My horses are pastured at night and stalled during the day. So i check each horses poop weekly. I only use a "cleaner" (I prefer metamucil) if I see evidence of sand. I can honestly say I havent had to "clean them out" in over a year. And still no sand. I did go ahead and give them some metamucil about a week ago, and still no sand.
_Posted via Mobile Device_


----------



## ljazwinski (Jul 7, 2012)

All I know is... if sand is going in, then sand has to come out.....:wink:


Here are pieces of an article on the subject that I found...
(For more information you can read the entire article online)
*Sand vs. Psyllium by Mike Tomlinson D.V.M. *

*COLIC*
Colic is still the number one cause of death of horses today. It used to be that verminous colic (caused by worms and other parasites) was the primary type of colic, but now in many areas sand is the most commonly seen form of colic.
Sand colic is the result of the building up of sand in the intestinal tract of the horse. *There can be as much as 150 pounds of sand lying in the bottom of the horse's belly.*

*SAND COLIC IS PREVENTABLE*
Sand colic is one of the most preventable diseases known. The buildup of sand is simply the amount of sand being eaten minus the amount of sand passing through.* If the same amount is going out the back as is coming in the front, there can be no buildup.*

Horses lick their lips between nearly every bite of hay. If the horses eat off the ground, every time these wet lips touch the ground, the dirt will stick to the lips and be consumed with the next mouthful of hay. Some horses simply must vacuum up every last morsel of hay and in doing so, they also vacuum up quite a quantity of sand. *Horses in pasture that pull up the grass, roots and all, get a mouthful of dirt with the roots.*

*MASON JAR TEST*
The mason jar test is another method of assessing if your horse is passing sand. Put six fecal balls or their equivalent into a glass jar. Fill half full with water and shake well. Let settle for fifteen minutes and then check if there is any sand lining the bottom of the jar. 
If there is much sand at the bottom of the jar, it means that your horse is moving a lot of sand through (or you used manure that had touched dirt). This is good in that at least it is coming out. Prevention of ingestion must be increased.
*If there is no sand at the bottom, it means either your horse is not eating any sand or that your horse is not passing the sand it has eaten.* In either case, repeat the test several times. If it is negative every time, use psyllium every day for a week, testing daily. If still no sand, then your horse probably is not eating sand.
​


----------



## Terre (Oct 23, 2011)

Where do you get psyllium? I have nevered heard of it.


----------



## ljazwinski (Jul 7, 2012)

any feed store... tractor supply... not sure where in georgia you are, but you probably don't have sand issues? but I did read somewhere that red clay has the same effect as sand does down here.... ?


----------



## Terre (Oct 23, 2011)

*Psyllium*

Thanks ljazwinski. We actully do have a lot of sand in middle ga. along with clay. Our clay is sand based here. I grew up in Homestand Fl. and had horses there. Never had a horse get sand collic until I came here. She had a very milded case thank the Lord.:lol:


----------



## Sweeney Road (Feb 12, 2012)

Terre said:


> Where do you get psyllium? I have nevered heard of it.

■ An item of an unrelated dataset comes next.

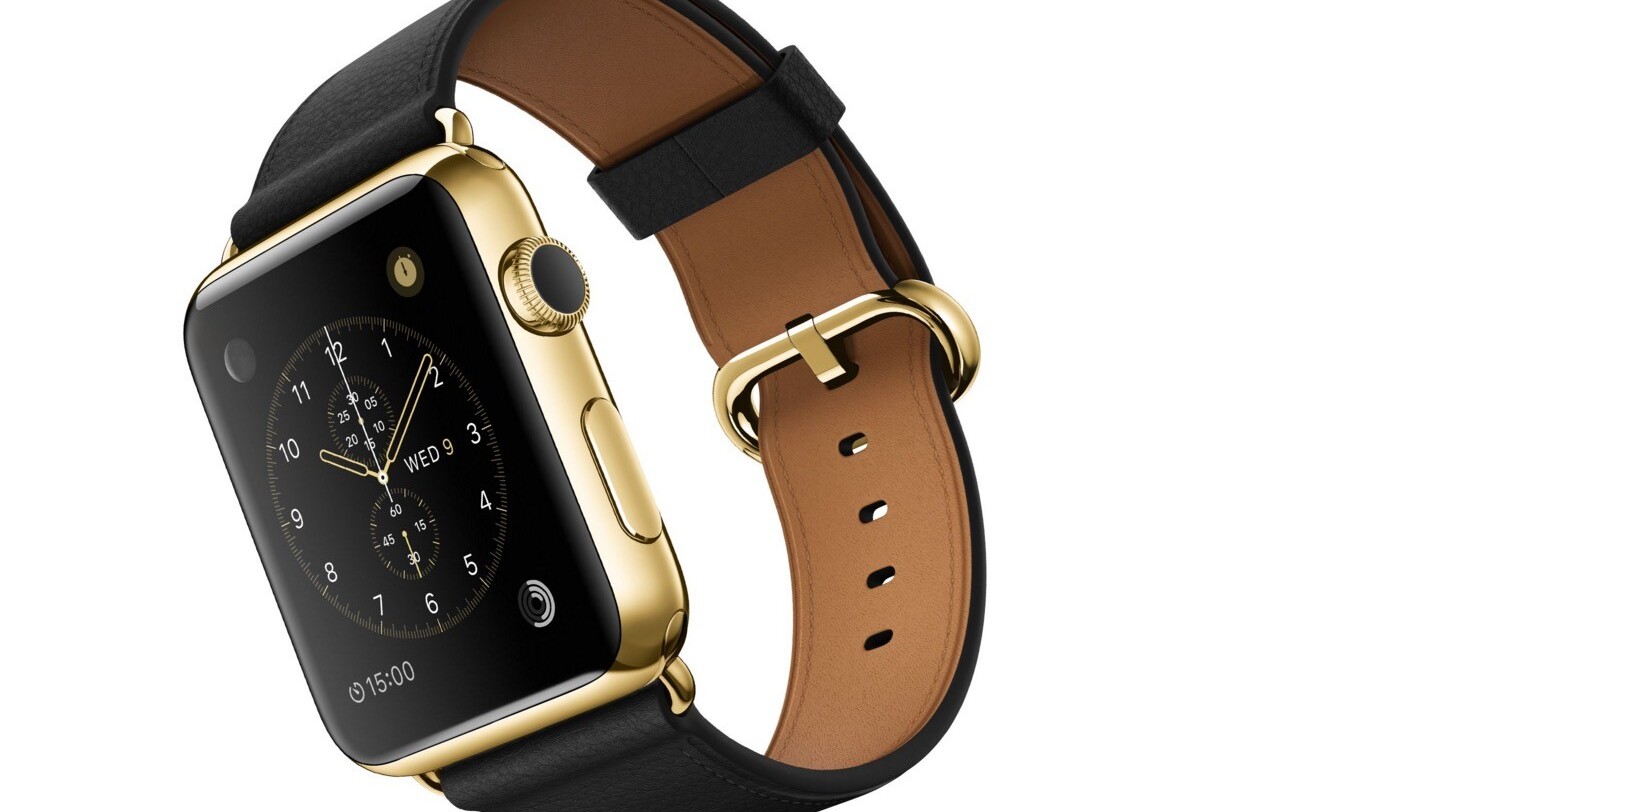 Best Buy just knocked $1,100 off an Apple Watch Edition

The active ingredient in Metamucil is psyllium husk. Sometimes it's cheaper to buy the whopping big canister of Metamucil rather than buy Sand Clear.

And, Metamucil can be found in any grocery store, so if you need to get some in an emergency, it's handy to remember that.


----------



## loveyourhorse (Jun 17, 2011)

just another update for you guys...

she is now eating everything i give her. she seems very happy and alert. bowel movements are normal. i've been checking her poop and the sand has seemed to increase some as its hopefully leaving her body. 

can't tell you how relieved i am that she seems back to her normal self!


----------



## loveyourhorse (Jun 17, 2011)

Terre said:


> Where do you get psyllium? I have nevered heard of it.


i picked up mine from the vets office. 

it was $60 for a 10lb bucket but from what i was told, its more "potent" than other brands available because it's not cut like some are... not sure if that is true or if they were just trying to sell me on it but i didn't have much time to shop around during the colic so i went with it.


----------



## kim_angel (Oct 16, 2007)

You can get psyllium at valleyvet.com too. I believe they sell several different brands. (IE: Sand Clear, etc)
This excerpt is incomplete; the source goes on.